• **INFORMATION SHOWN**
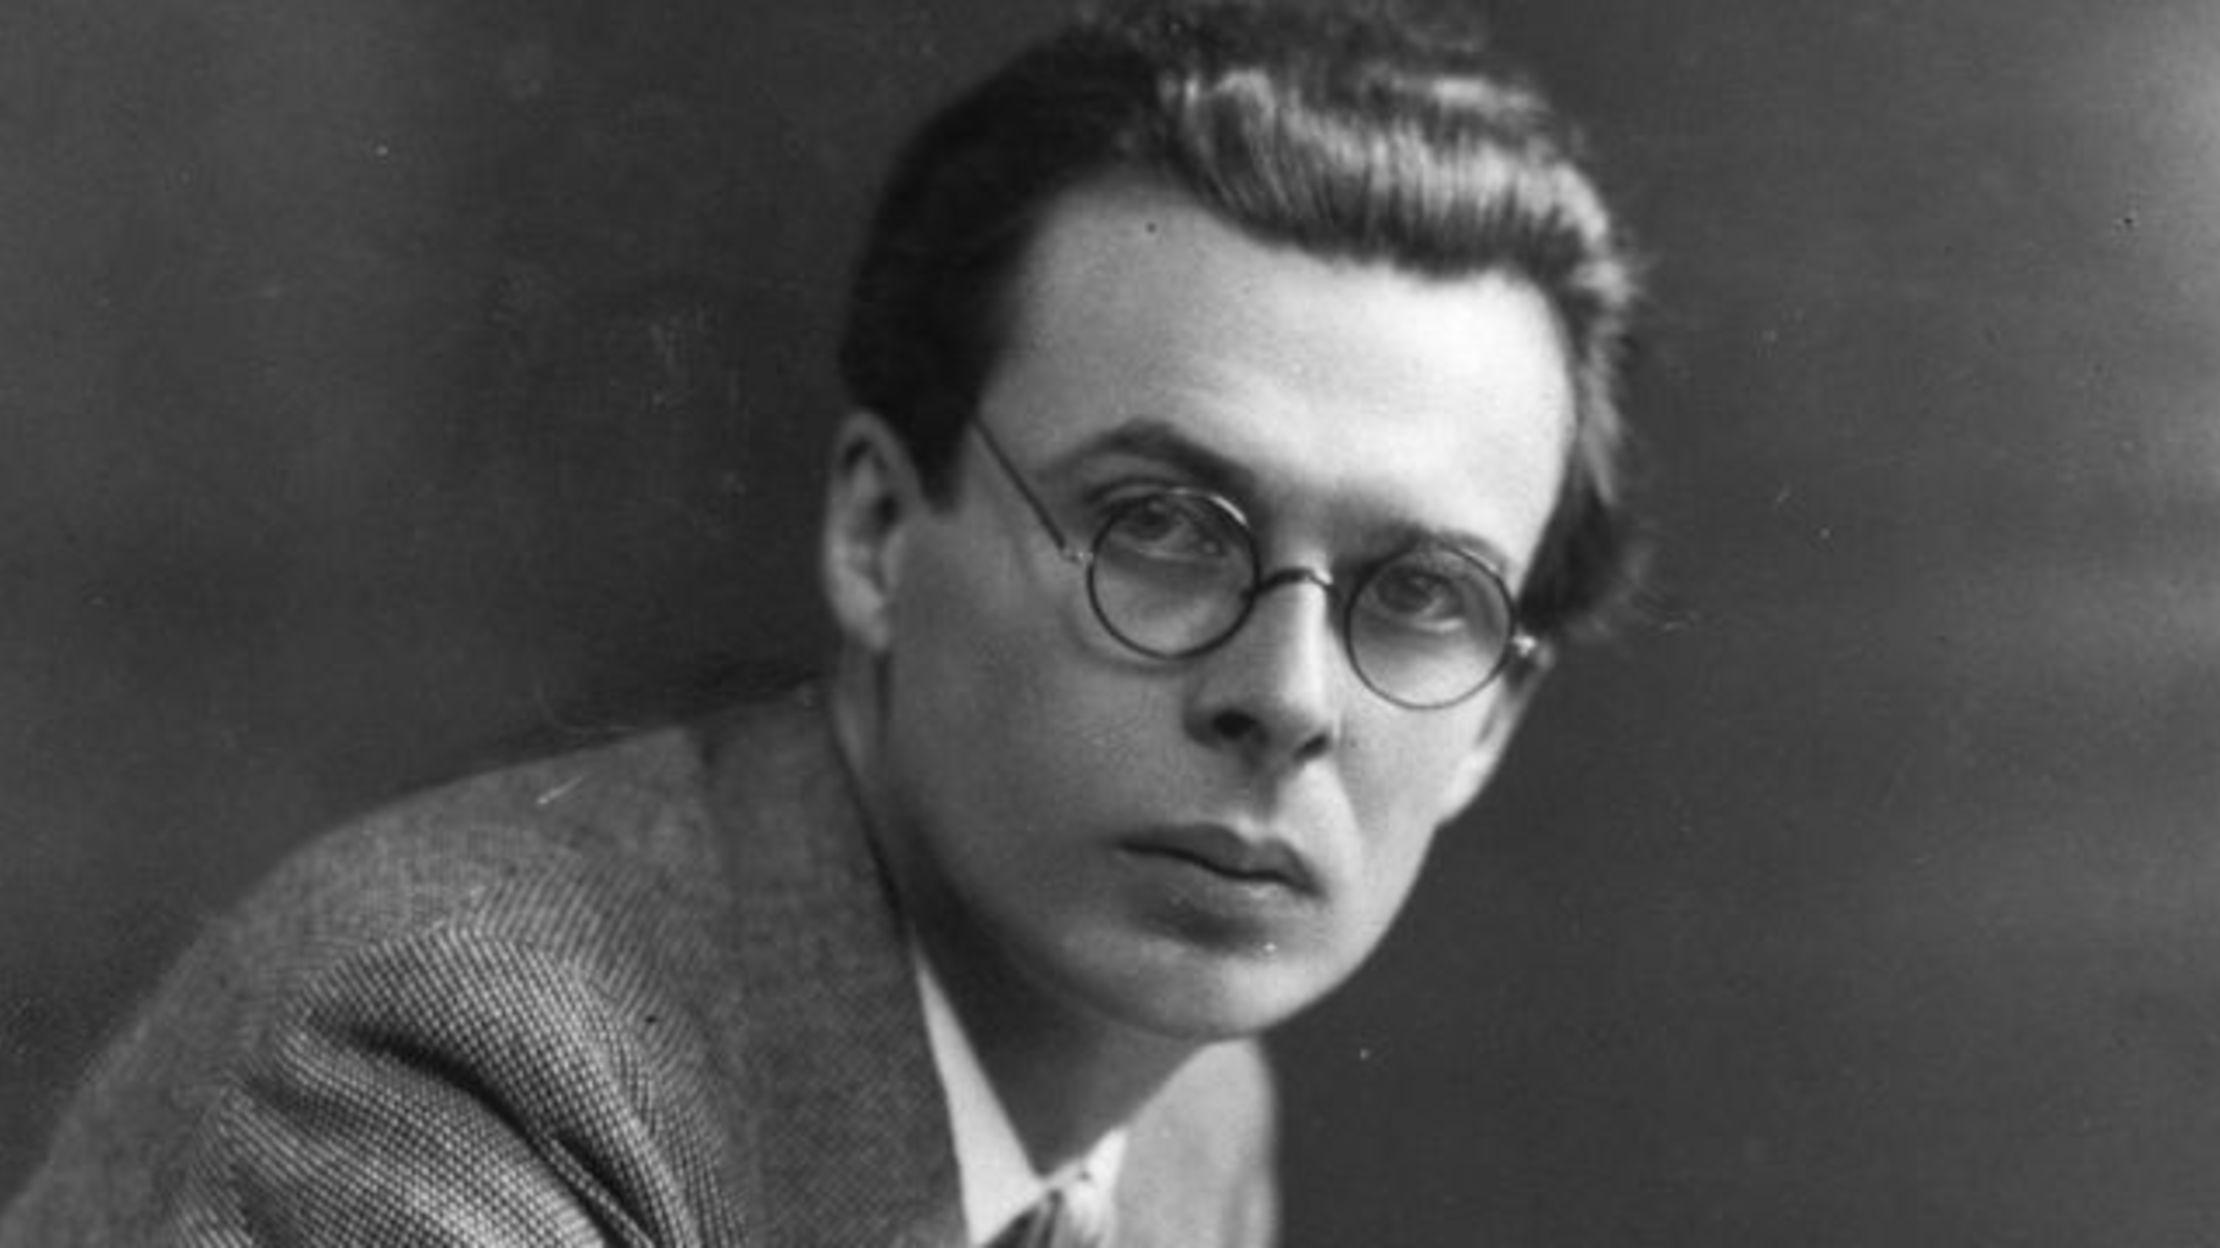 10 Dystopian Facts about Aldous Huxley | Mental Floss
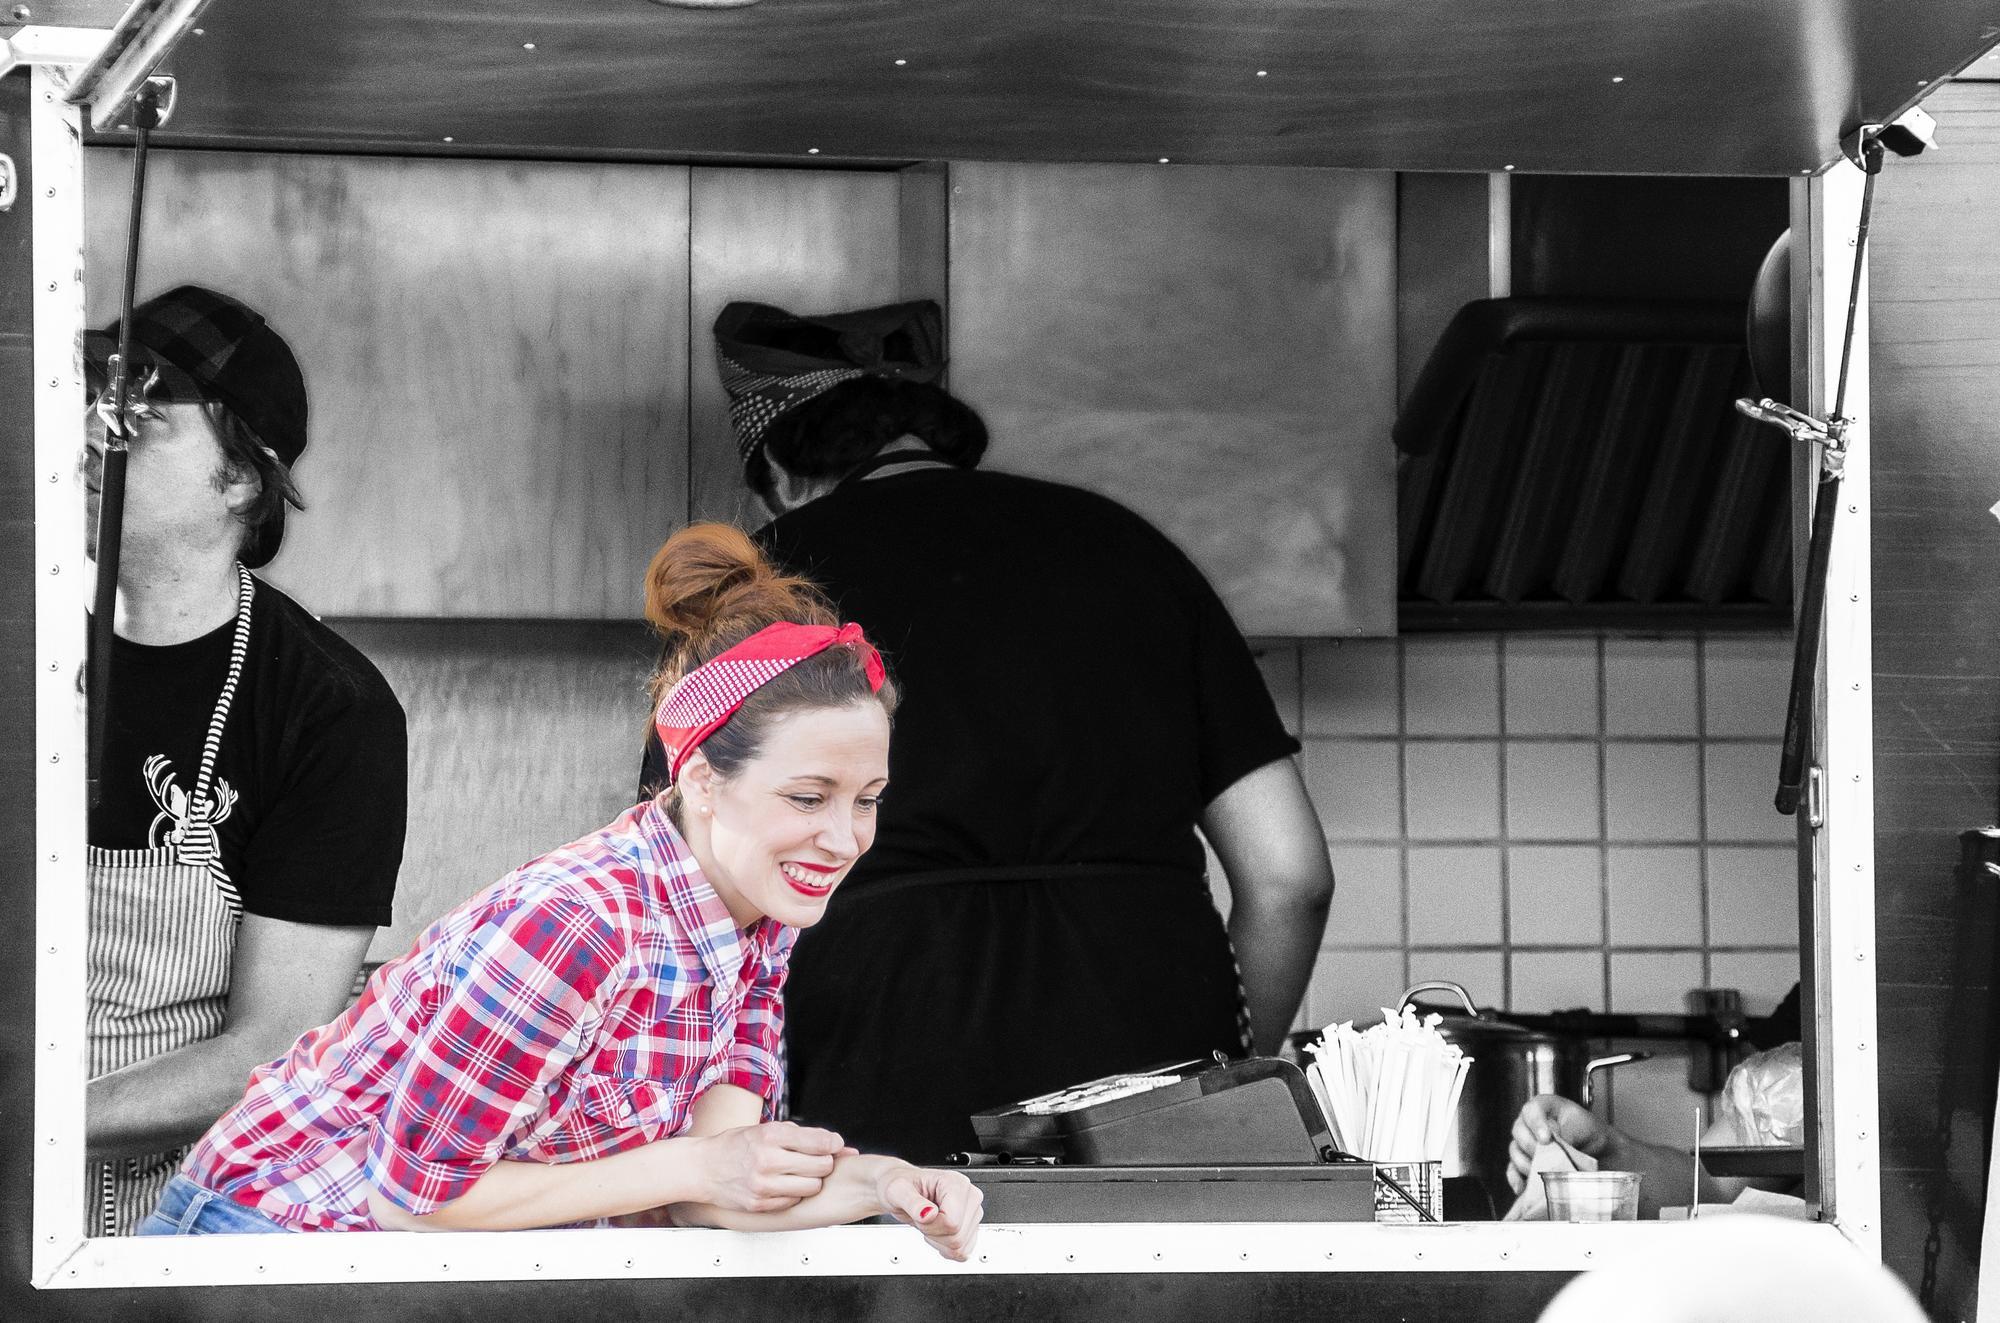 Kearny Food Truck Festival
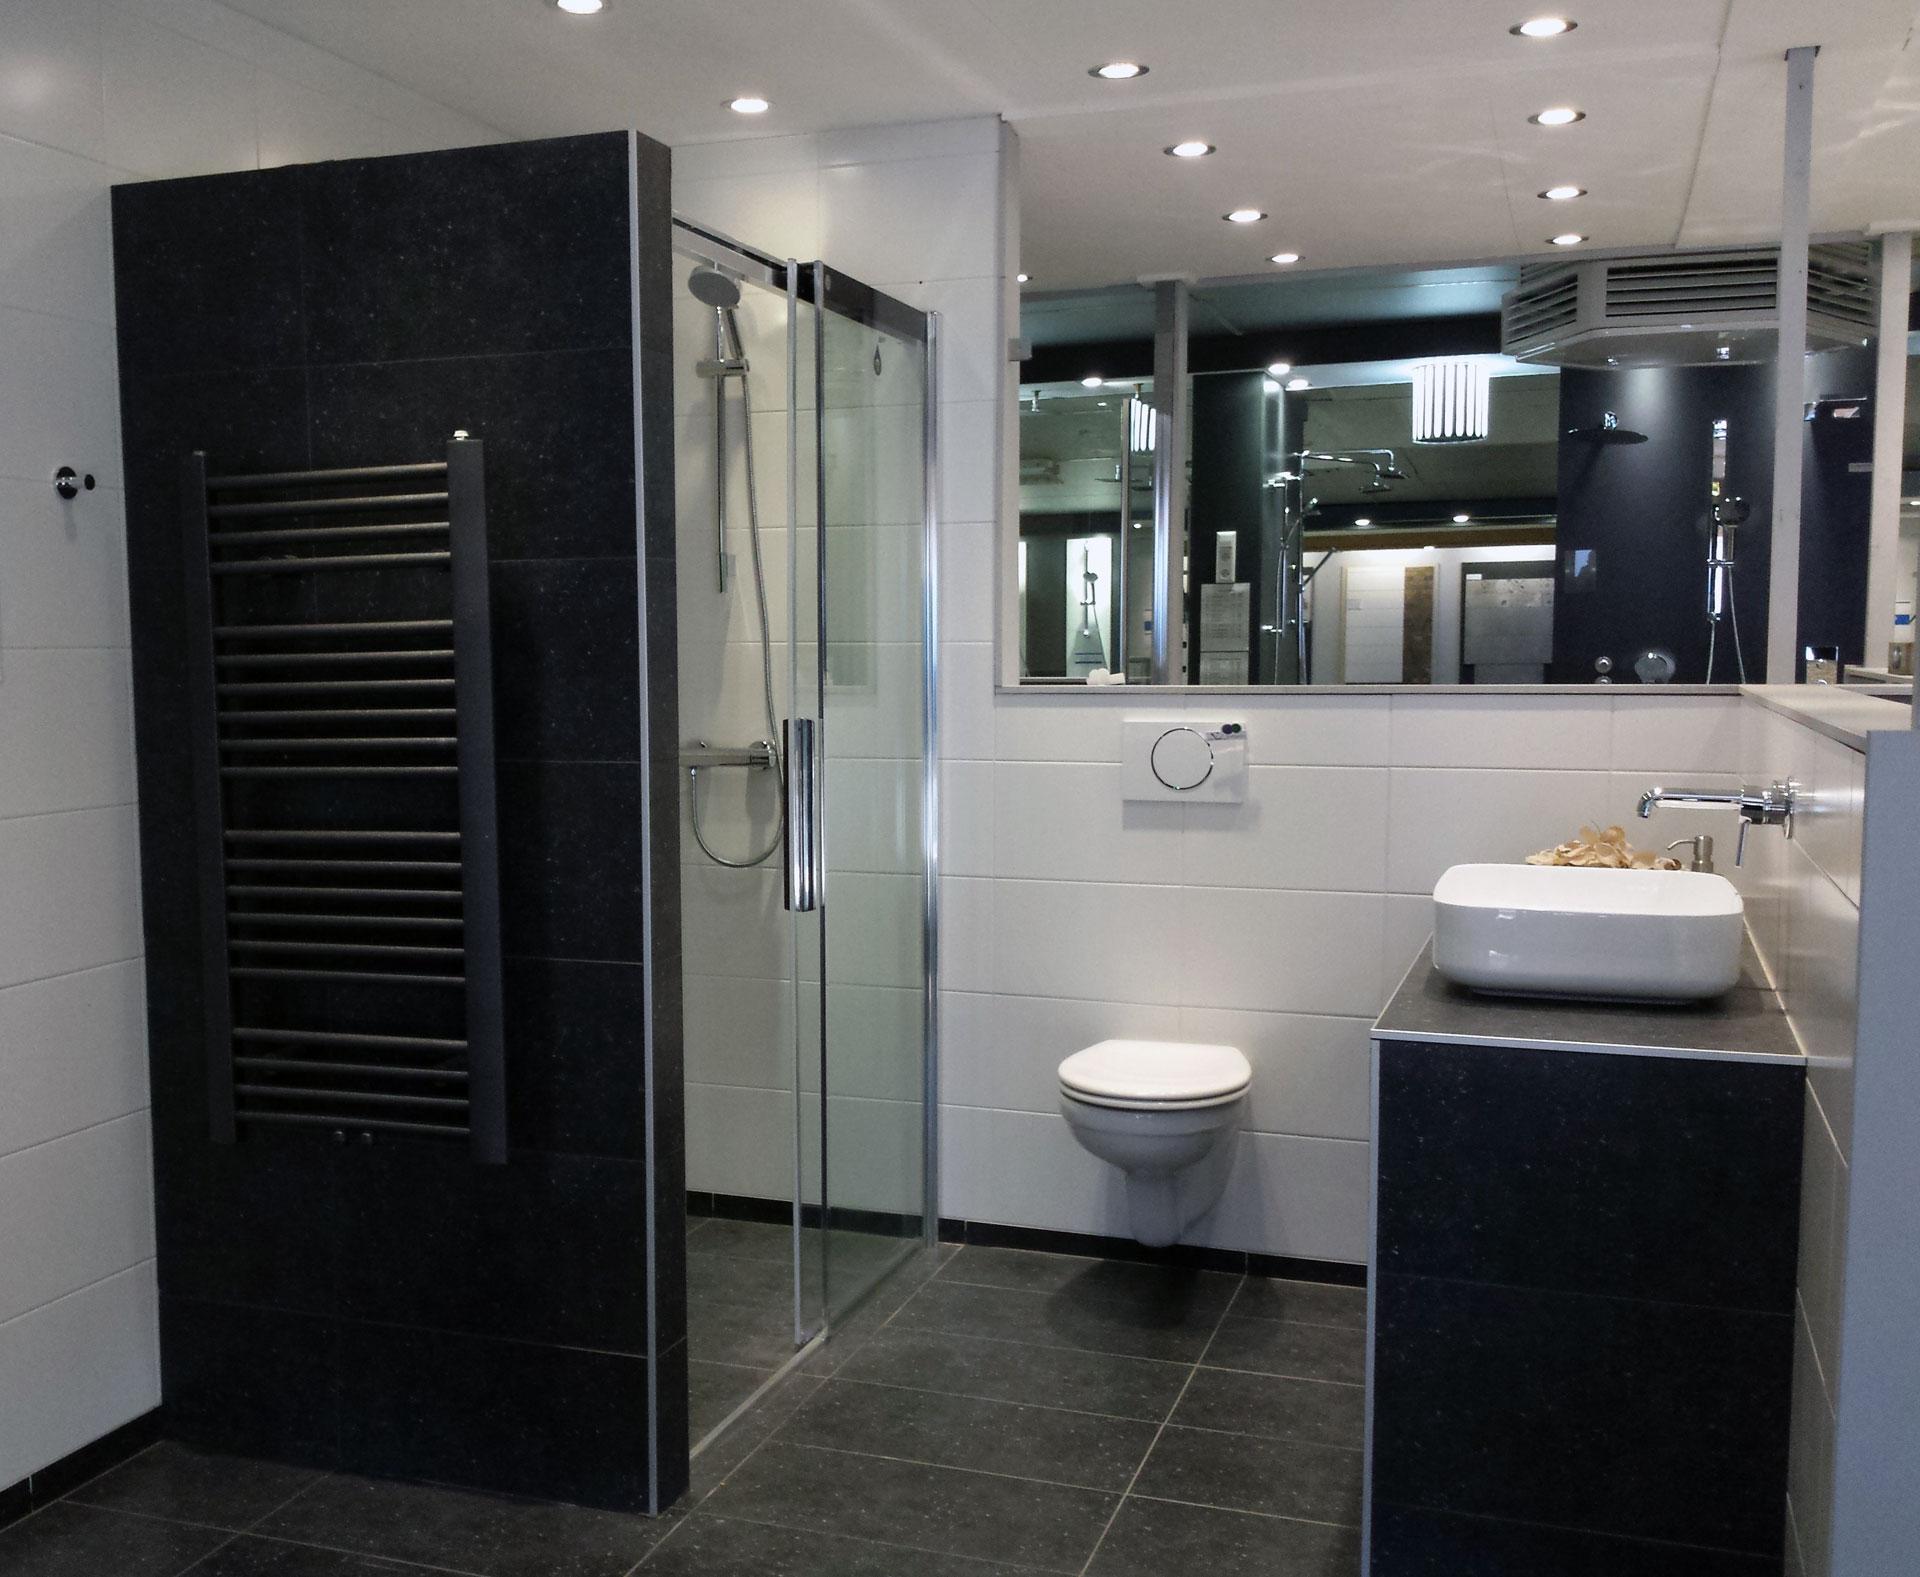 Complete Badkamer Kosten : Wat kost het renoveren van een complete badkamer hetknussehuisje

• **TASK ITEM**
Return all material verbatim, pictures omitted.

• **REPLY**
 10 Dystopian Facts about Aldous Huxley | Mental Floss
 Kearny Food Truck Festival
 Complete Badkamer Kosten : Wat kost het renoveren van een complete badkamer hetknussehuisje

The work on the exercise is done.